Problem statement
In the records below, find the line with "Bicycle logo vector template Stock Vector", then retype it and every following line exactly, stopping after the line with "Namibia: Nama, Haiǁom, Damara". Leave the pictures out.

*** Data for this exercise Section Begins ***

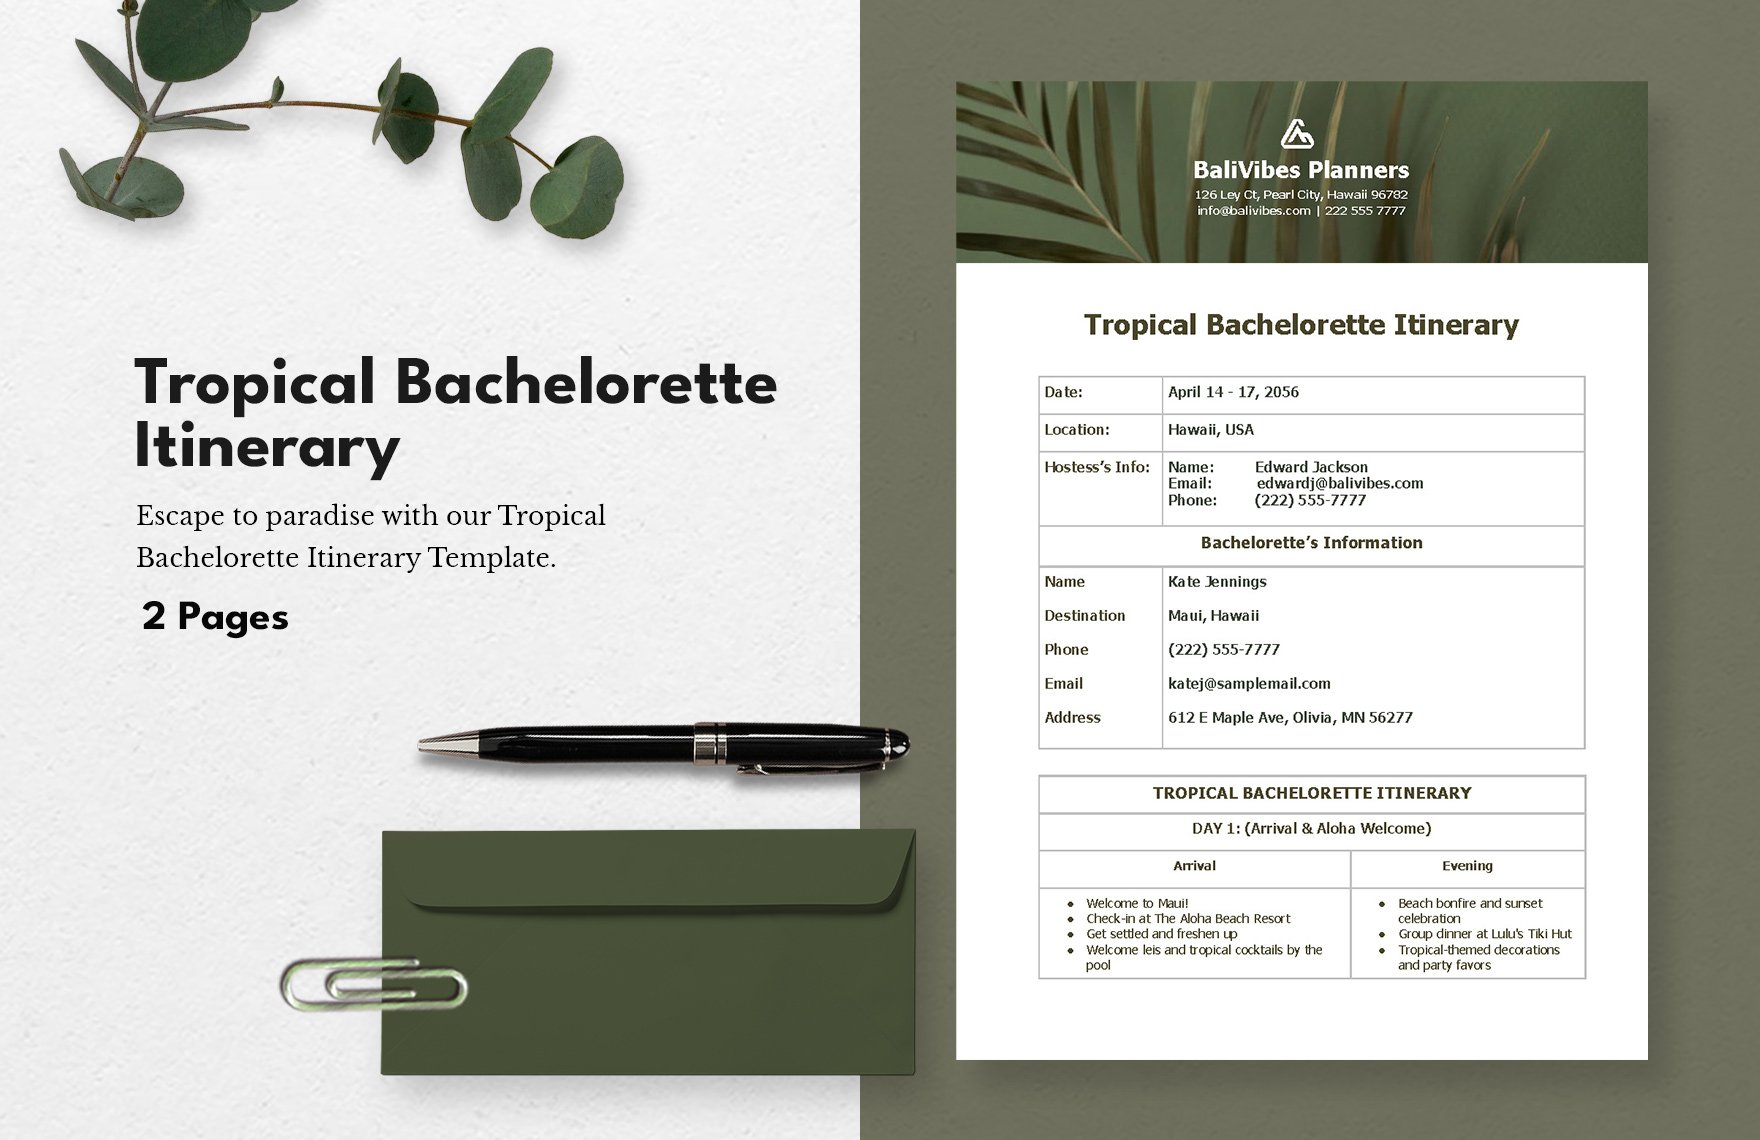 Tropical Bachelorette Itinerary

*** Data for this exercise Section Ends ***
*** Data for this exercise Section Begins ***

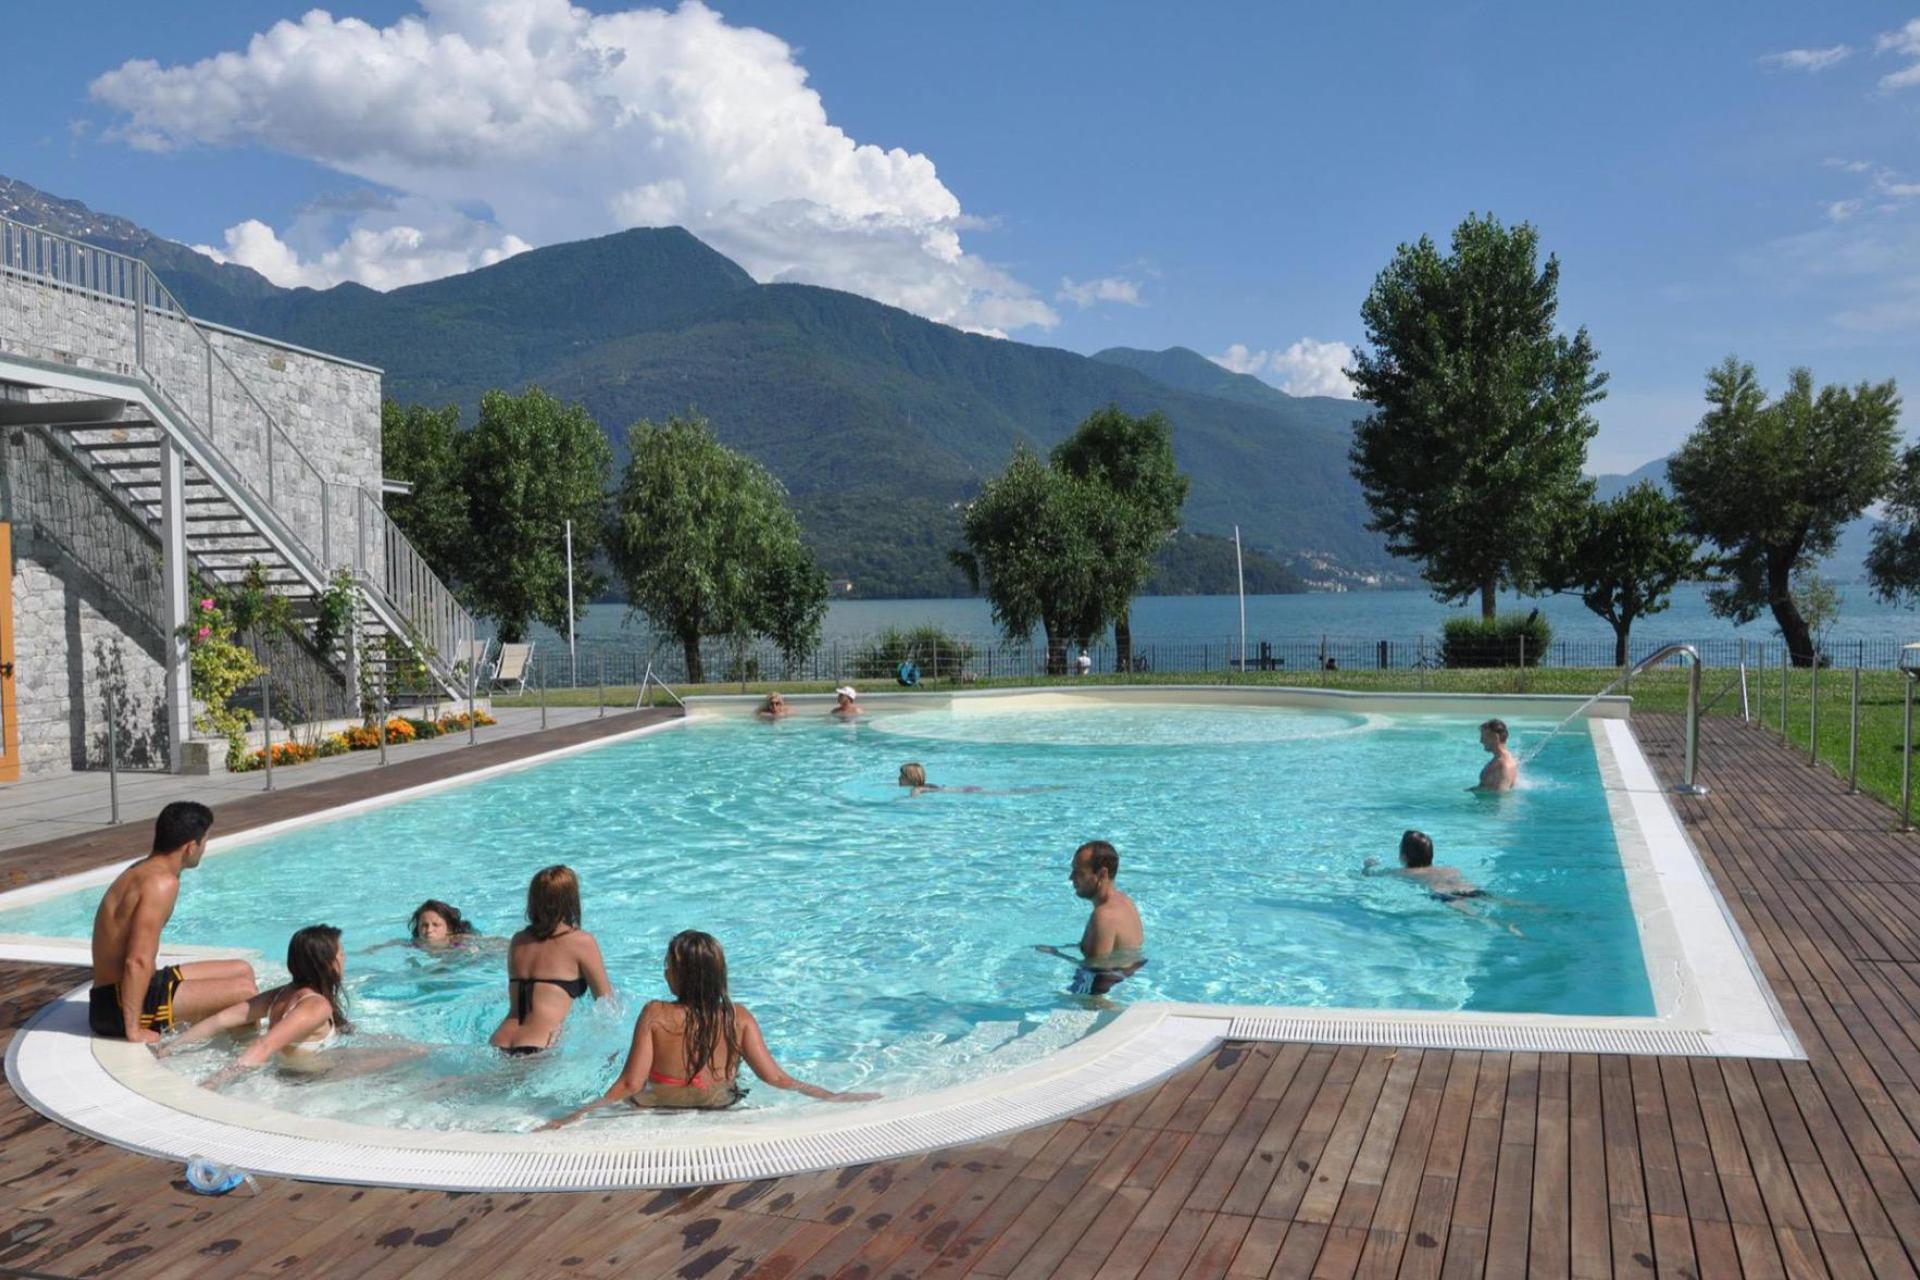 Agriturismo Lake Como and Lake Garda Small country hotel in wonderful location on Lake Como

*** Data for this exercise Section Ends ***
*** Data for this exercise Section Begins ***

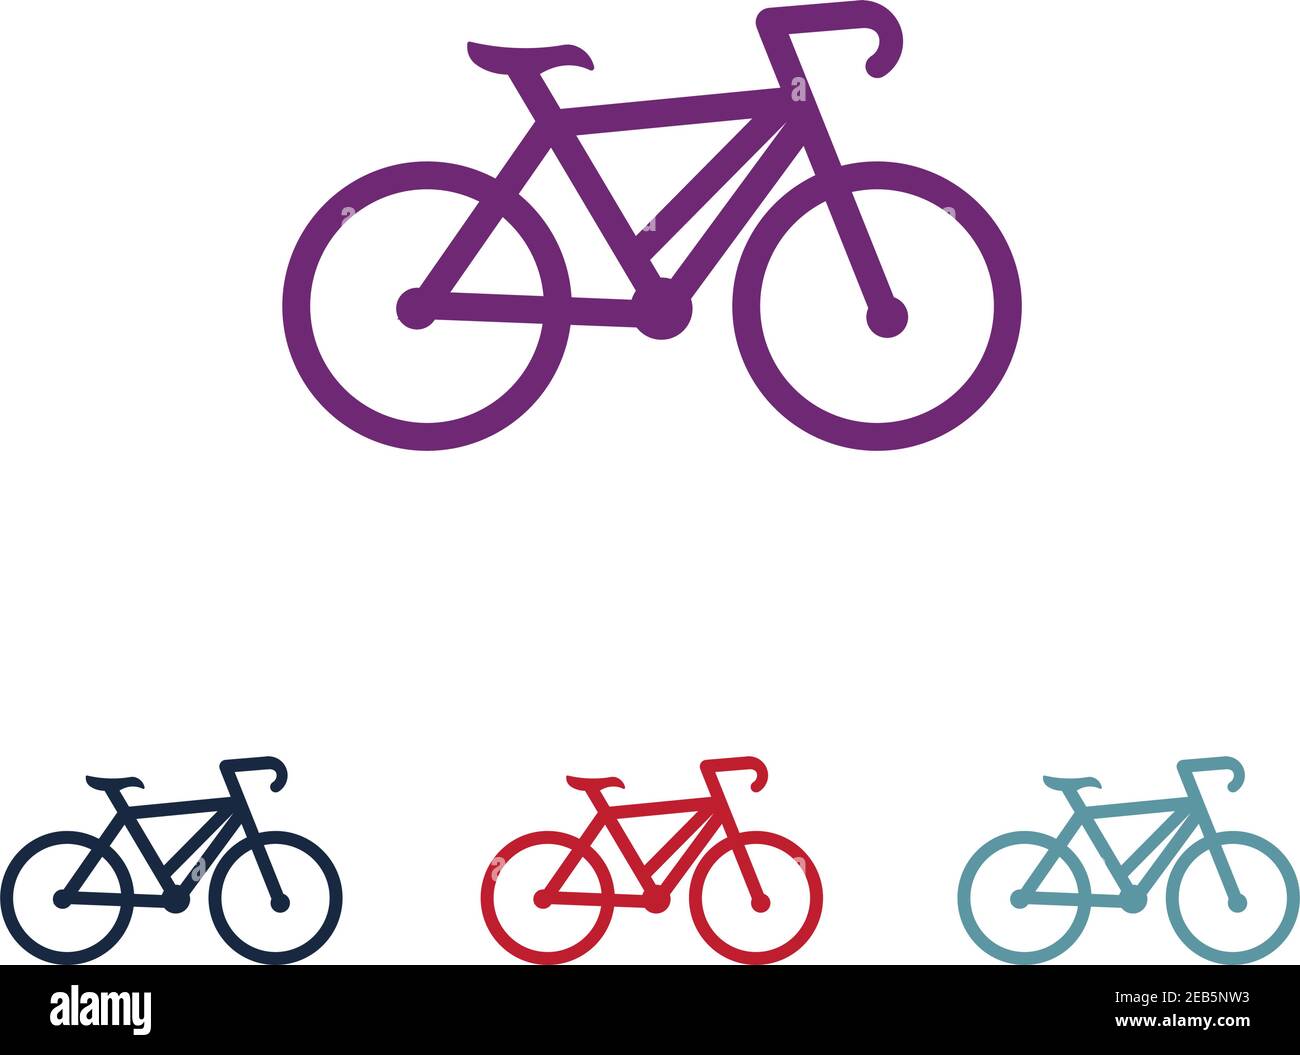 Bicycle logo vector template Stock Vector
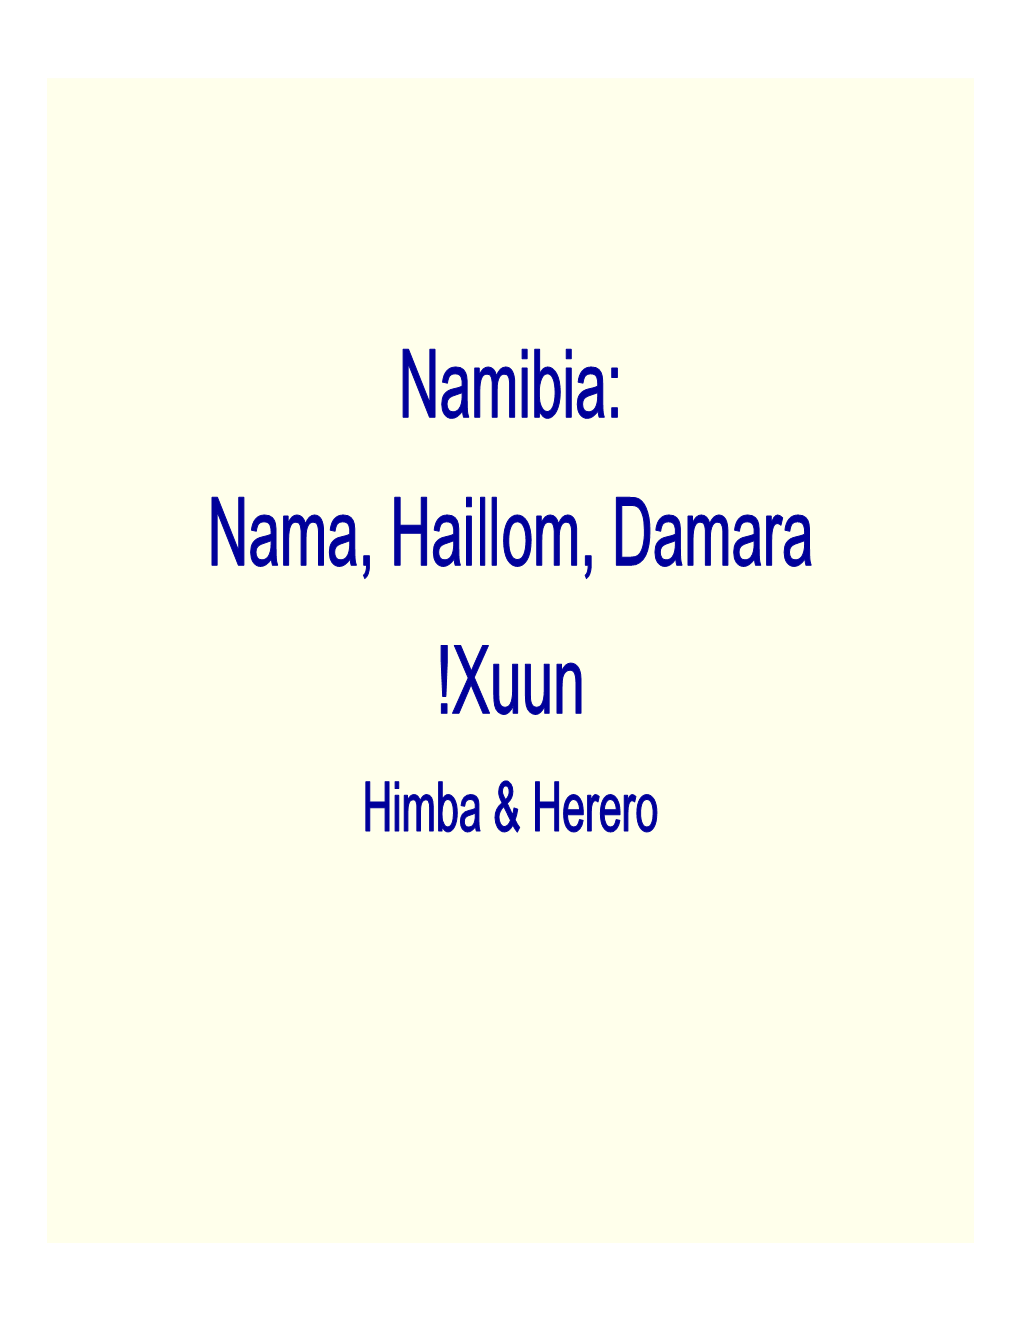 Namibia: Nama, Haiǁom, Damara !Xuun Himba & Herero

*** Data for this exercise Section Ends ***

Solution to the exercise
 Bicycle logo vector template Stock Vector
 Namibia: Nama, Haiǁom, Damara !Xuun Himba & Herero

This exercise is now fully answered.